## [What the task requires]
Copying rule for the data below: take the line containing "Call of Duty" and every line after it to the end, exactly, and drop all pictures.

## [Provided data]
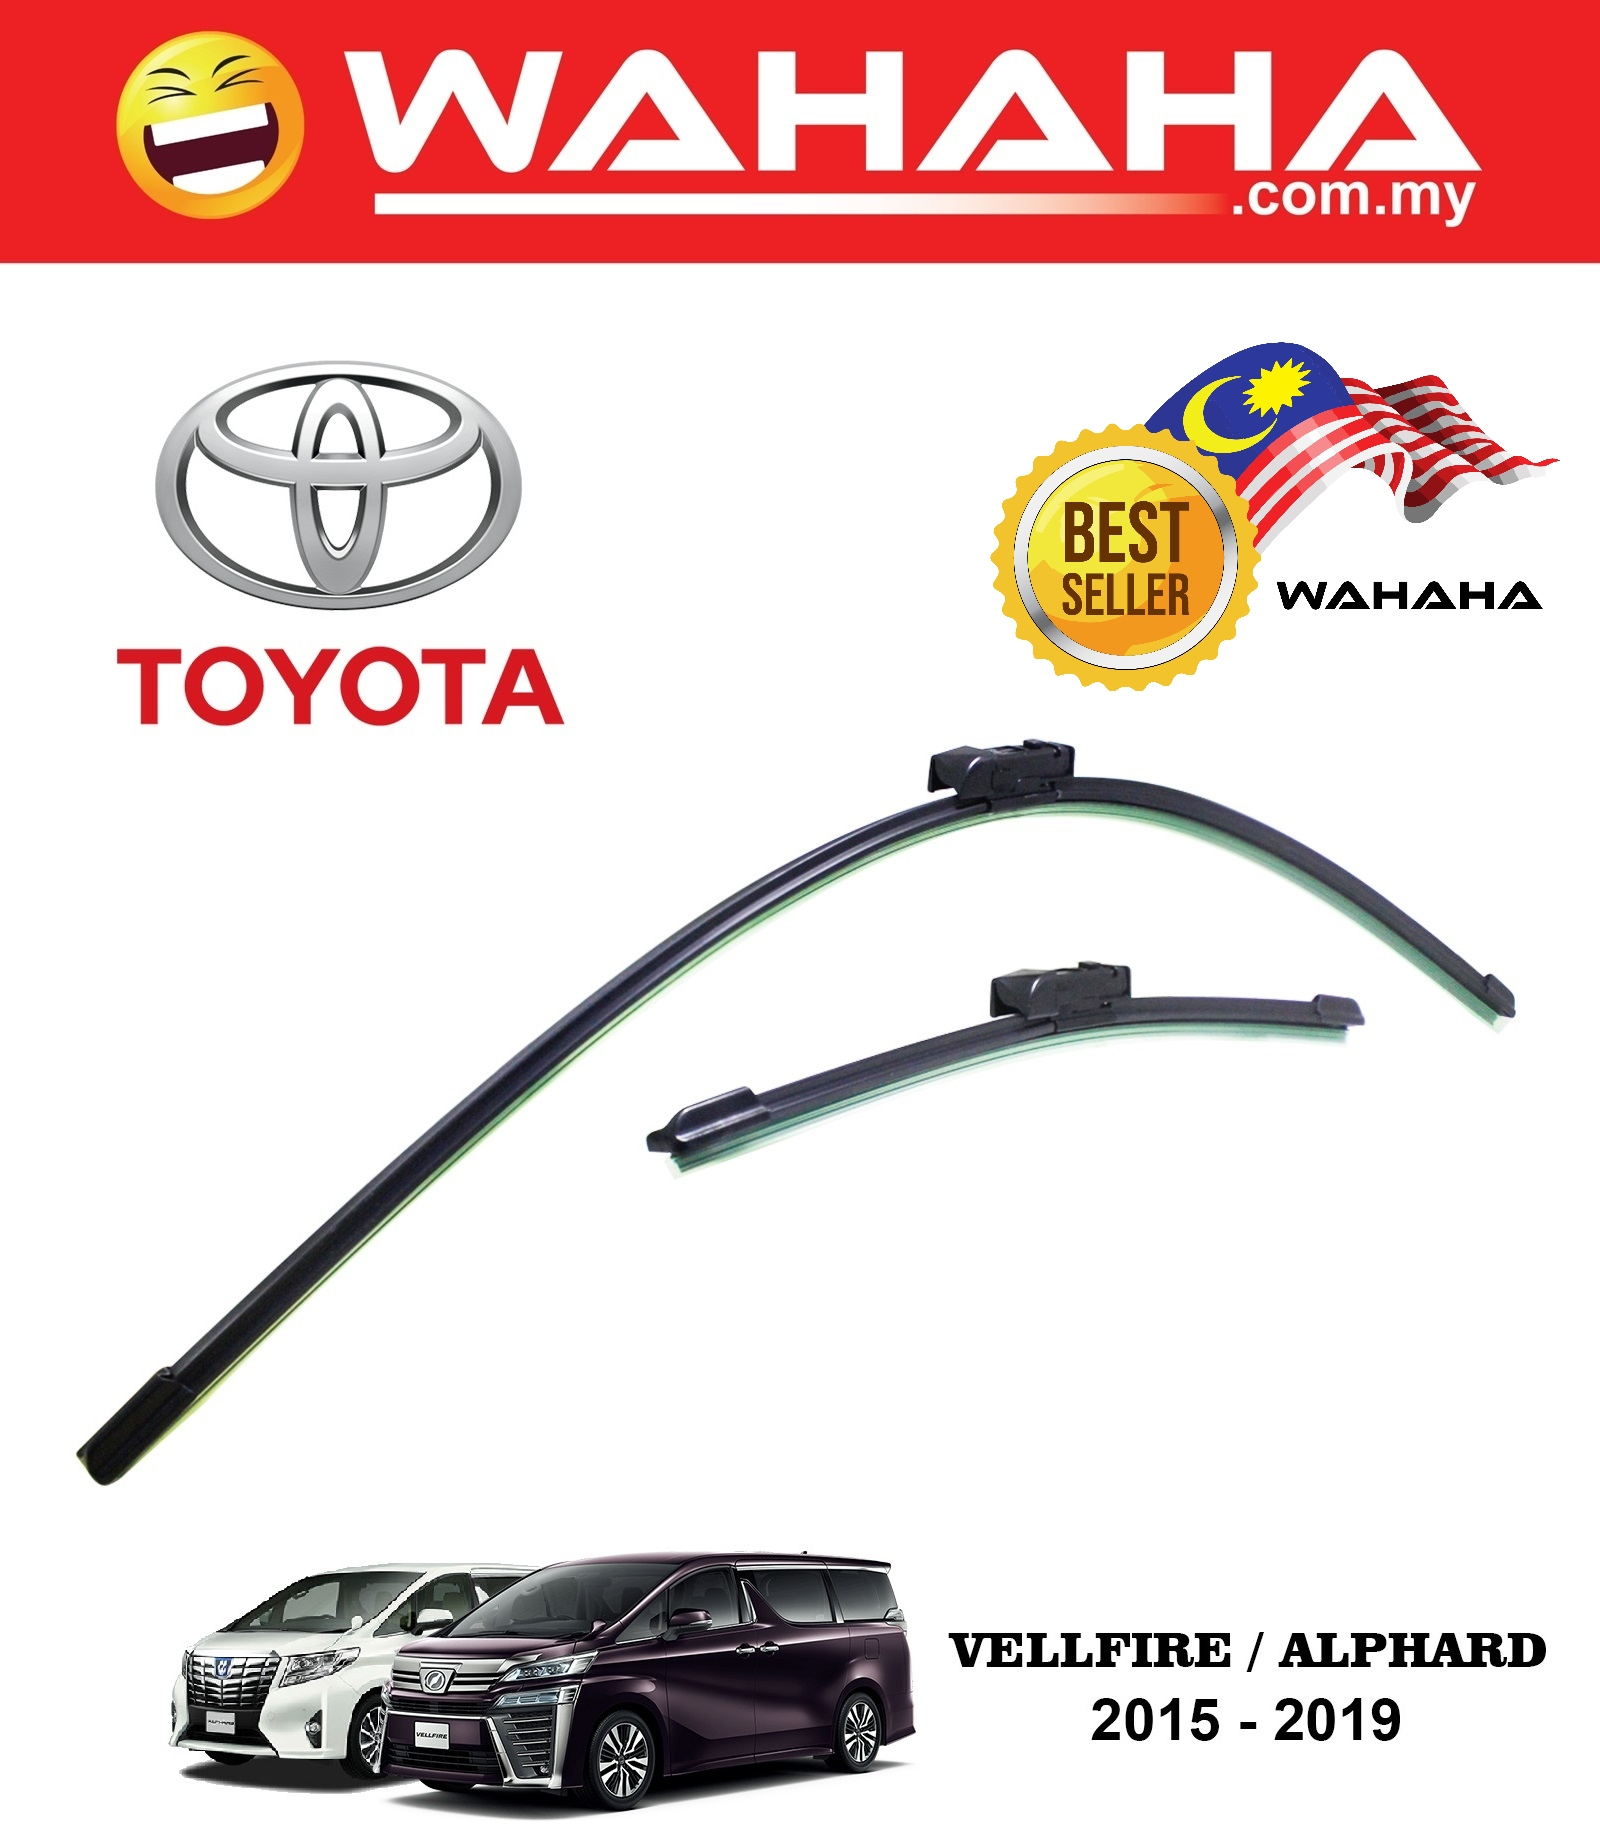 Toyota Vellfire Alphard 2015 - 2019 30
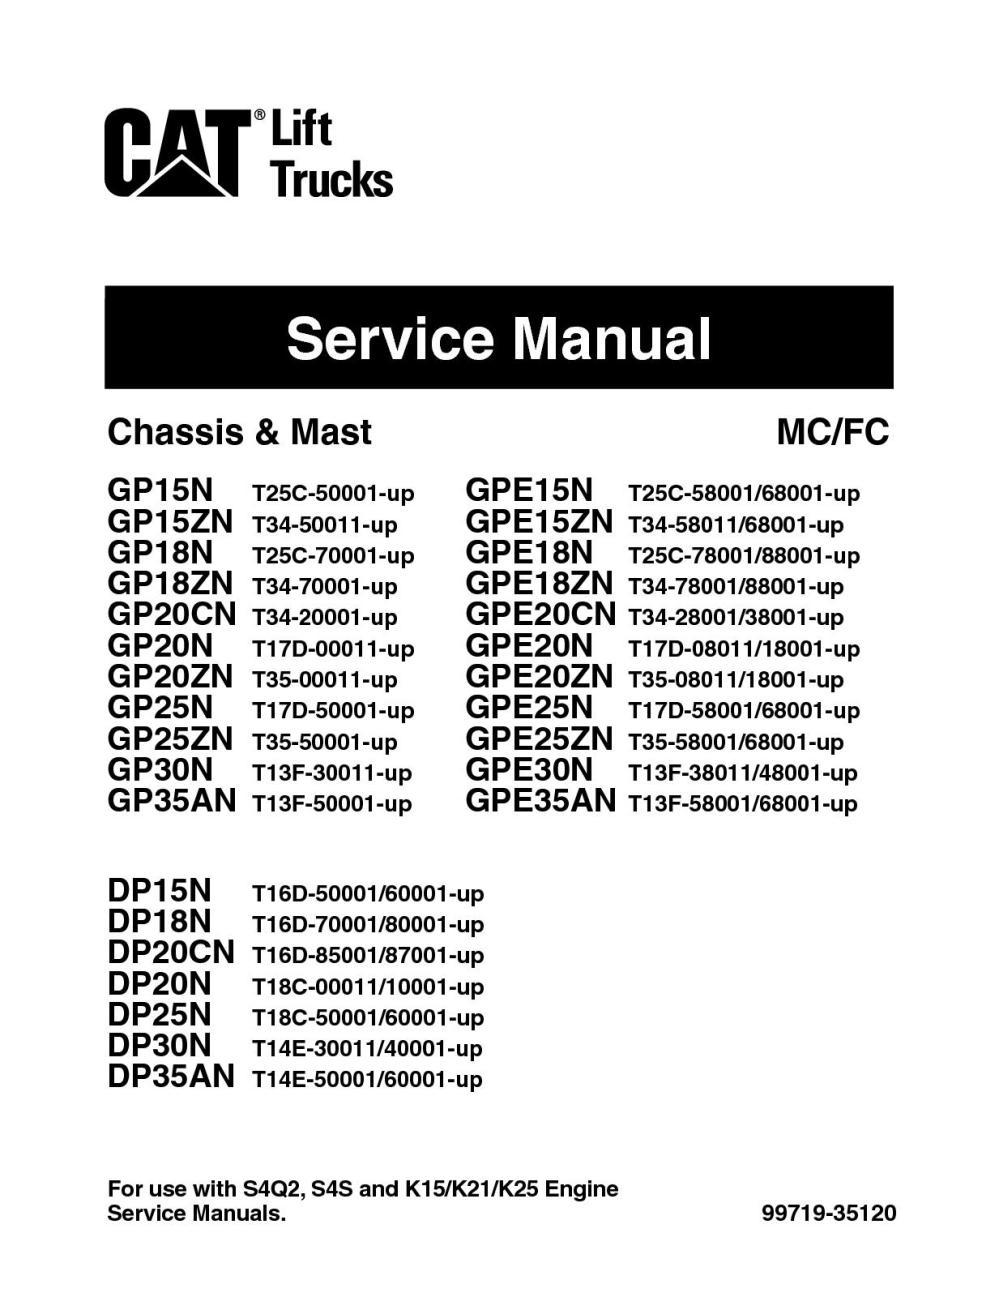 medium resolution of caterpillar cat gp35n forklift lift trucks service repair manual snt13f 50001 and up
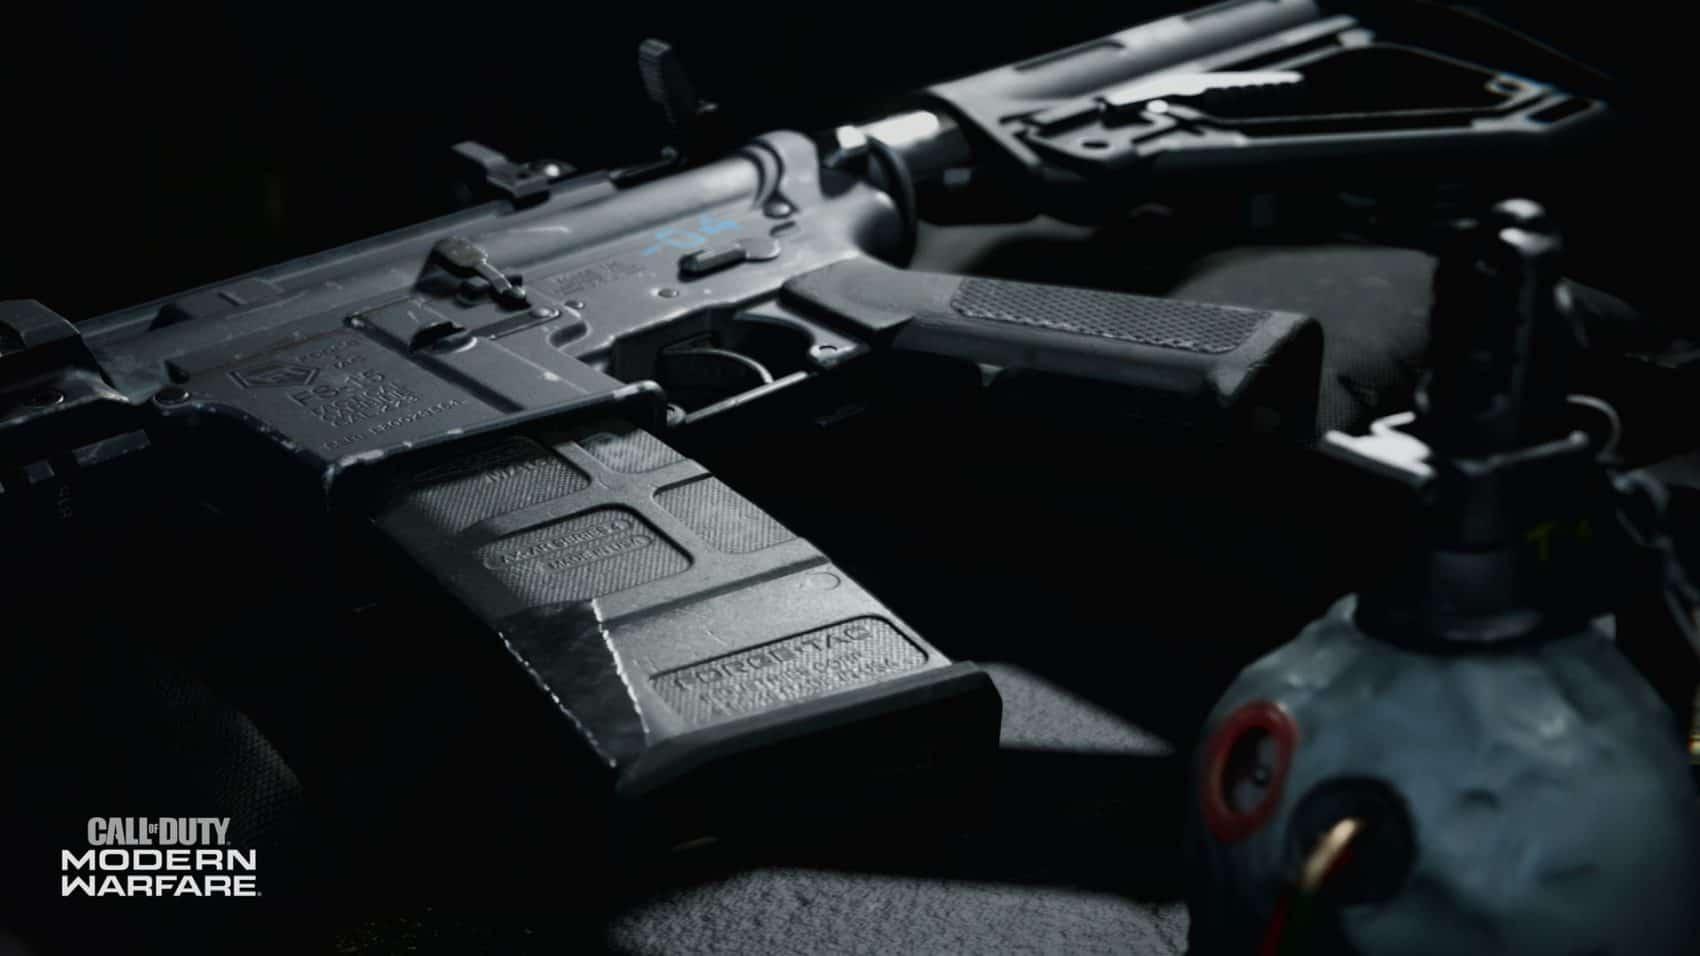 Call of Duty : Modern Warfare configuration recommandée
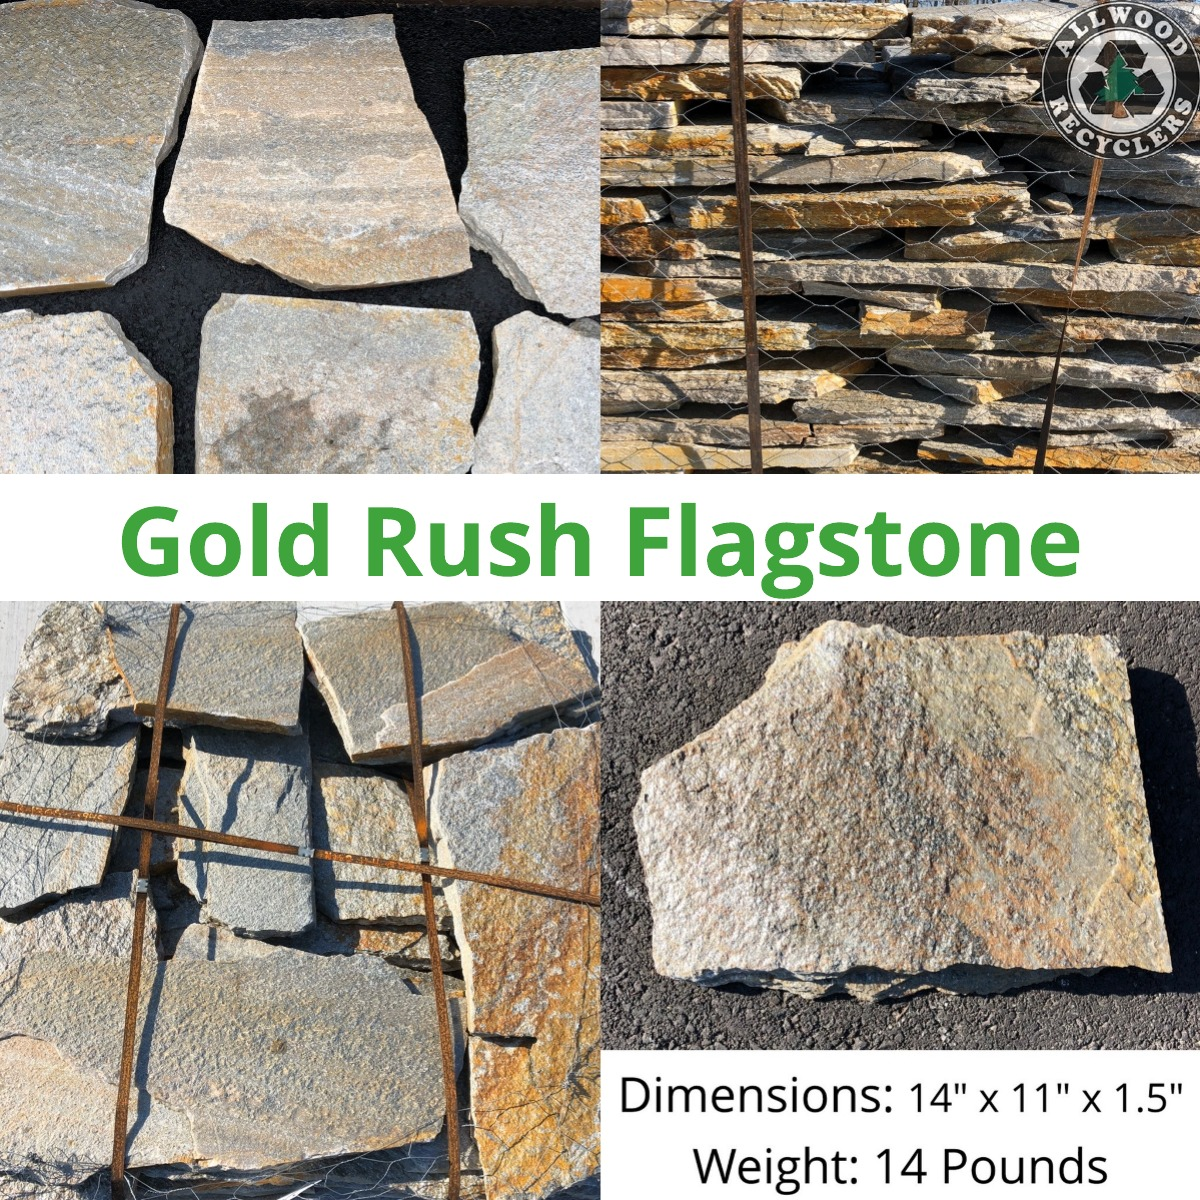 Gold Rush Flagstone

## [Solution to this task]
 Call of Duty : Modern Warfare configuration recommandée
 Gold Rush Flagstone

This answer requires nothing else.